When trials are inadequately powered, the findings can sometimes be pooled to achieve clinically meaningfully results. However, meta-analysis cannot overcome the shortcomings of poor-quality trials. Similarly, meta-analysis cannot cope with the variety of outcome measure used, even when studies are using a therapy from the same category. To facilitate pooling of results, studies need to be standardised with respect to outcome measures and the frequency and duration of post-intervention assessments. The majority of studies conduct very short follow-up, between 1 and 3 months post-intervention. Resources often limit follow-up, but wherever possible, a 12-month post-intervention assessment is desirable as it suggests sustainability and eliminates the possibility of bias arising from symptom changes with seasonality.

What are the challenges for clinical practice?

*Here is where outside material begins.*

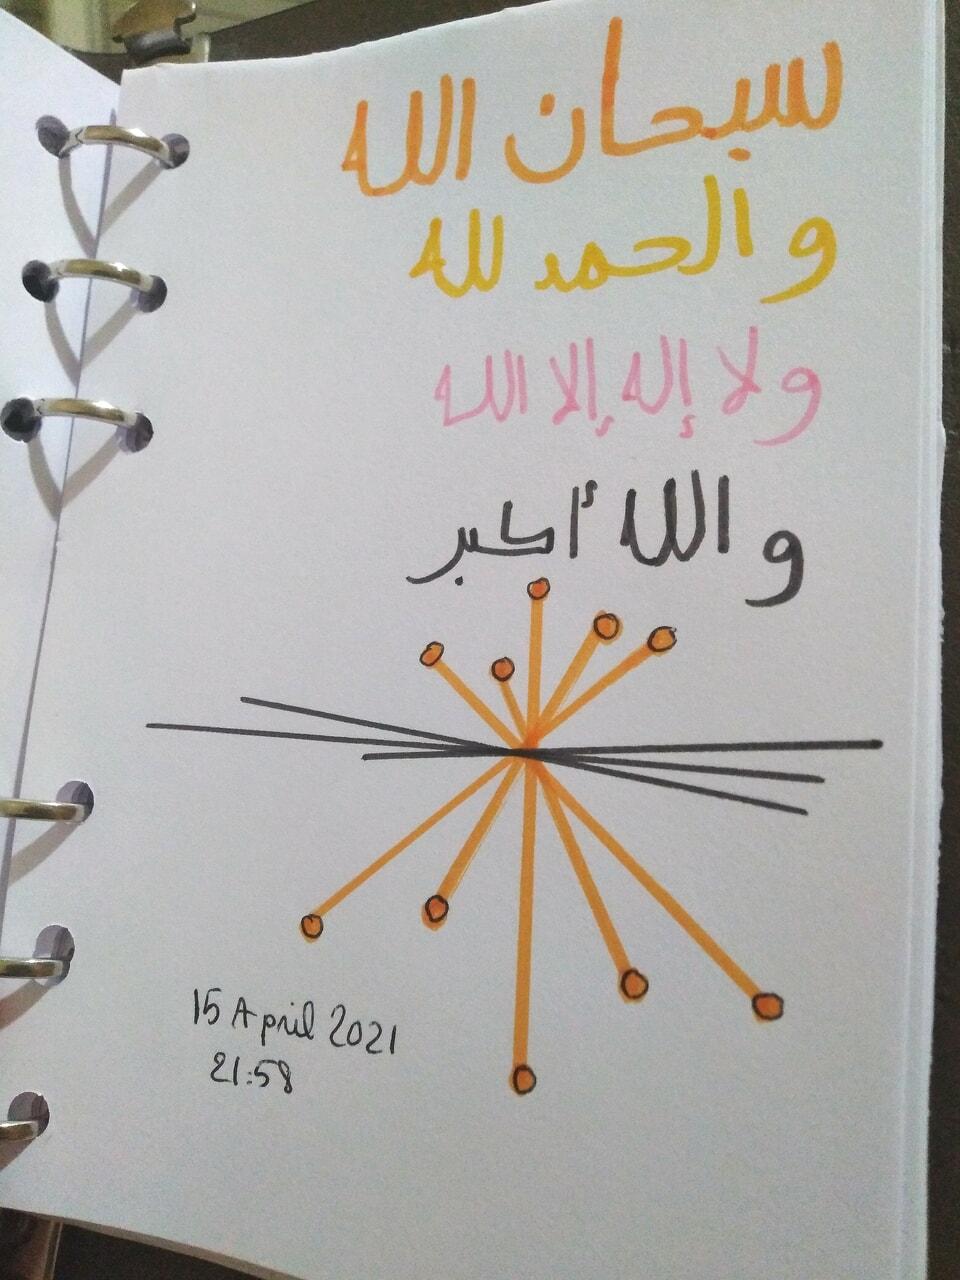 allah, dikr, and islam image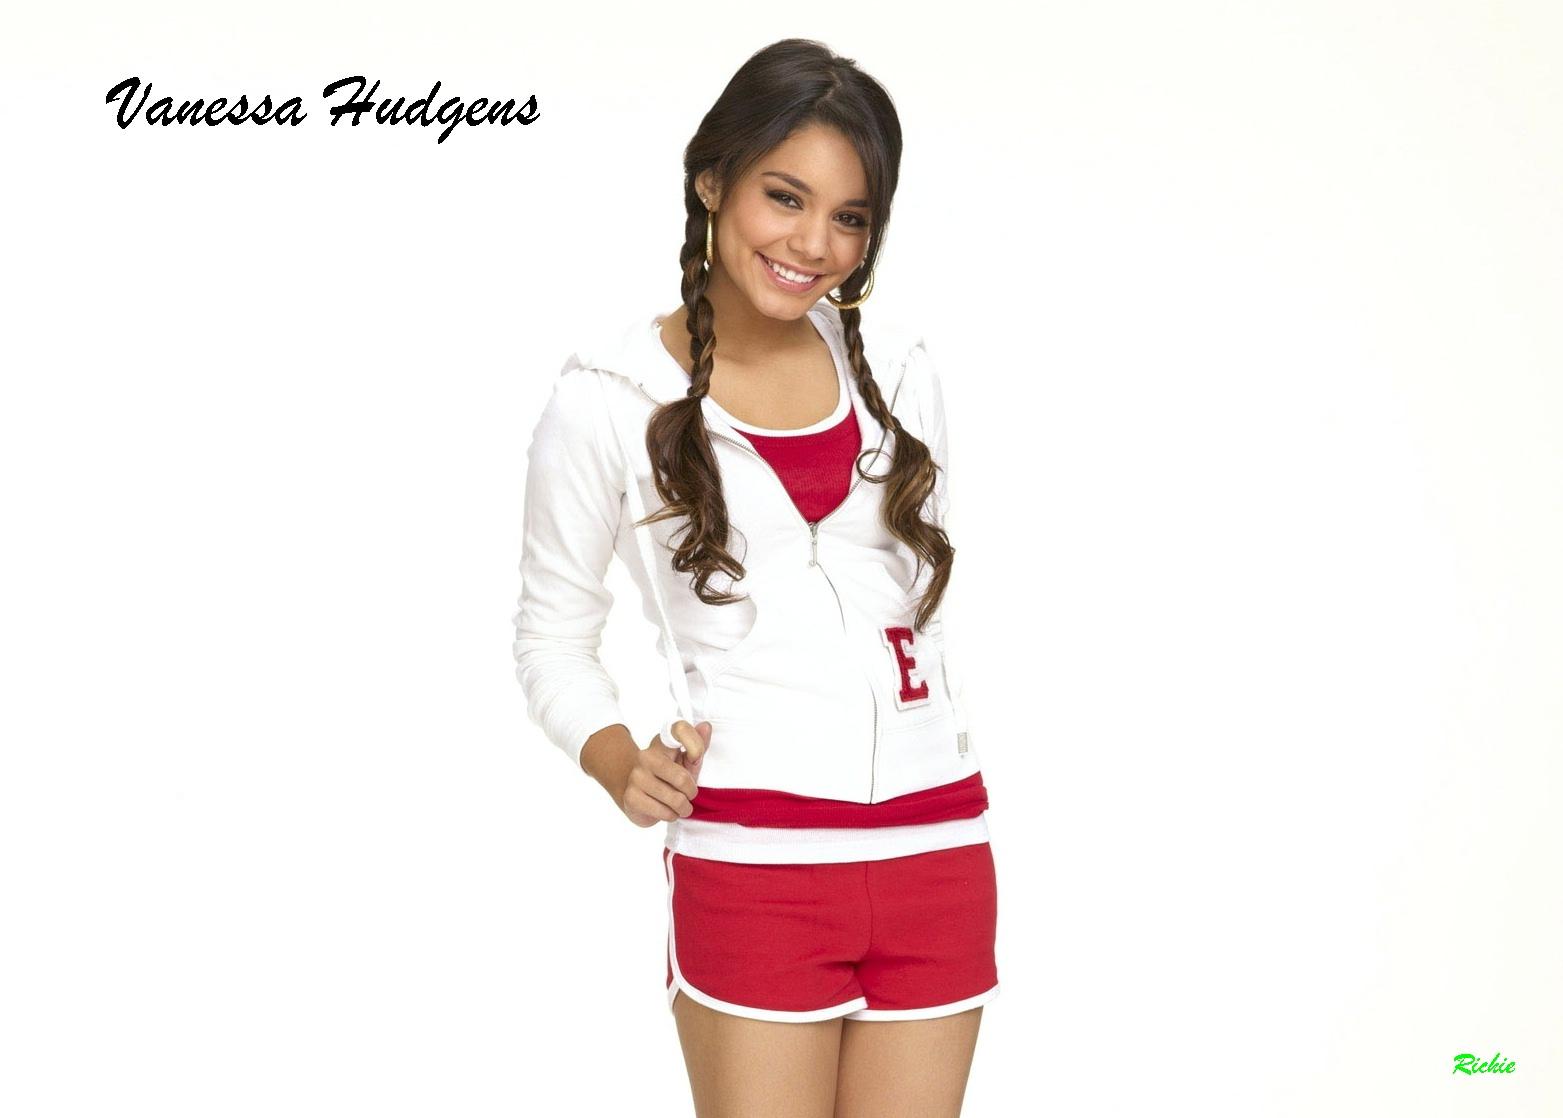 Hot Pictures Of Vanessa Hudgens

The challenge for clinical practice is that the ‘jury is still out’ with respect to psychological interventions for patients with asthma. Whilst the rationale for their utility may seem strong (they are attractive to both clinicians and patients who wish to moderate or augment pharmacological therapy and there is anecdotal evidence of success in the management of individuals), the evidence of their effectiveness from studies is weak and inconsistent. The recent attempts to pool data to strengthen our evidence base for the benefit of psychological interventions do not generate significant or firm conclusions. Hence, clinical guidelines make appropriately no or very speculative recommendations about the adoption of psychological interventions in clinical practice.

There is an inadequate evidence base for the introduction of psychological therapies for adults and children with asthma. For those clinicians already using them in their clinical work, it is important to acknowledge the uncertainty of their evidence base and to ensure that in their use they do no harm (primum non nocere). Psychological therapies are resource- and person-intensive, so the costs of therapy (both direct and opportunity) must be estimated and attempts made to ensure benefit is commensurate. In the future, psychological interventions that are more patient-led rather than professional-led could help reduce the financial burden on individuals and health services.

Clinicians interested in psychological therapies need to contribute to strengthening the evidence base either by recruiting their patients to ongoing trials of therapies or collaborating with their health service research and psychology colleagues to develop trials which are rigorously designed, well conducted and carefully reported.

Conclusions

Both clinicians and patients recognise that emotional stress precipitates and exacerbates asthma. However, patient’s psychological status may itself affect their asthma control by impacting on adherence or self-care (e.g. use of medication, allergen avoidance).

Based on the current literature, no endorsement of psychological interventions in the care of patients with asthma can be made. Although some findings do indicate that psychological interventions can lead to improvements in various aspects of well-being, these findings are inconsistent and require confirmation in studies of better quality.